Der nervigste Teil ist, dass, trotz all ihrer offensichtlichen Mängel, die Bananzas und wie sie sich mit der Zerstörung vermischen, leicht mein Lieblingsteil von Donkey Kong Bananza sind. Da sie der Namensgeber des Spiels sind, ihre eigenen Eigenschaften mitbringen und auch noch hervorragende Melodien haben, erwartete ich, dass die meisten Unterschichten substanzielle Abschnitte um mindestens eine Bananza herum aufgebaut hätten, wobei die späteren Levels deine Fähigkeit testen, sie zu kombinieren.
Zornige Affen

Leider verderben Donkey Kong Bananzas gut umgesetzte und befriedigende Zerstörungsmechaniken für mich den meisten Spaß an den Bananza-Verwandlungen. Die Freiheit, die meisten Teile eines Levels zu zerstören, bedeutet, dass alles, was das nicht erleichtert, in den Hintergrund gedrängt wird. Deshalb sind die Kong- und Elefanten-Bananzas bei weitem die aufregendsten – sie sind die zerstörerischsten! Warum sollte ich situativ als Zebra sprinten oder hoch springen und gelegentlich die Zeit als Schlange verlangsamen wollen, wenn ich als Elefant ein ganzes Level inhalieren könnte?

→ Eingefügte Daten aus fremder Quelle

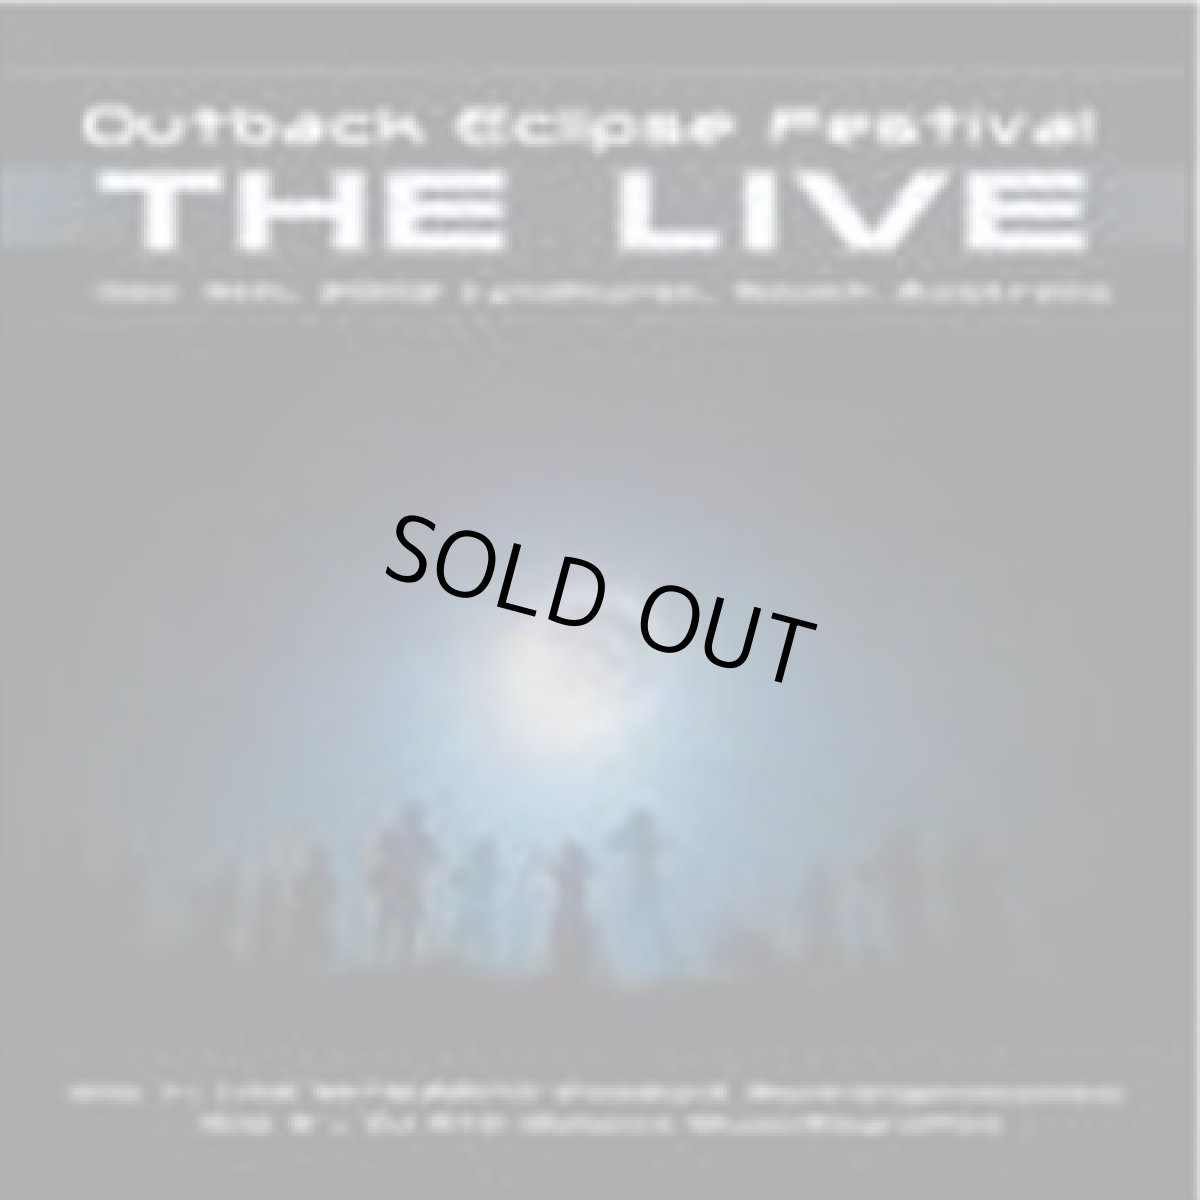 画像1: CD「V.A. / Outback Eclipse Festival - THE LIVE」2枚組【フルオン・PSYトランス】 (1)

Das Durchspielen der Nachspiel-Probelevels – die größtenteils aus unzerstörbarem Neptunit bestehen und daher fast vollständig um die Fähigkeiten ihrer jeweiligen Bananza herum gestaltet sind, anstatt um zerstörerische Freiheit – hat mir diesen Punkt wirklich verdeutlicht. Sie bieten einen kleinen Einblick, was das Spiel hätte sein können, wenn jedem Trick in DKs Buch genügend Aufmerksamkeit geschenkt worden wäre.
In dieser Hinsicht fühlt sich Donkey Kong Bananza wie zwei Spiele an, die etwas ungeschickt zusammengepresst wurden, wobei eines eindeutig Vorrang vor dem anderen hat. Um es in anderen Nintendo-Begriffen auszudrücken, es wäre, als könnte Cappy in Super Mario Odyssey nur eine Handvoll Dinge besitzen und wenn Mario Links Fähigkeit hätte, alles aus Breath of the Wild zu erklimmen, sodass er die Levels frei erkunden könnte.

Versteh mich nicht falsch, die Version von Donkey Kong Bananza, die wir haben, ist immer noch ein Hit, der meine Erwartungen an ein eher standardmäßiges Metroidvania-Spiel mit einem Plattformer, der die Freiheit des Spielers umarmt, untergräbt (Schichten mit bloßen Fäusten und anderen tierischen Abrisswerkzeugen zu ebnen, ist selten eine schlechte Zeit).
Aber ich kann nicht aufhören, an die alternative Universumsversion von Donkey Kong Bananza zu denken, in der der erschreckend muskulöse Zebra, der Strauß und die anderen Bananza-Transformationen im Mittelpunkt des Leveldesigns stehen. Und wenn ein giftiger Sumpf mich dazu bringt, über all das nachzudenken, sind sie vielleicht doch nicht so schlecht.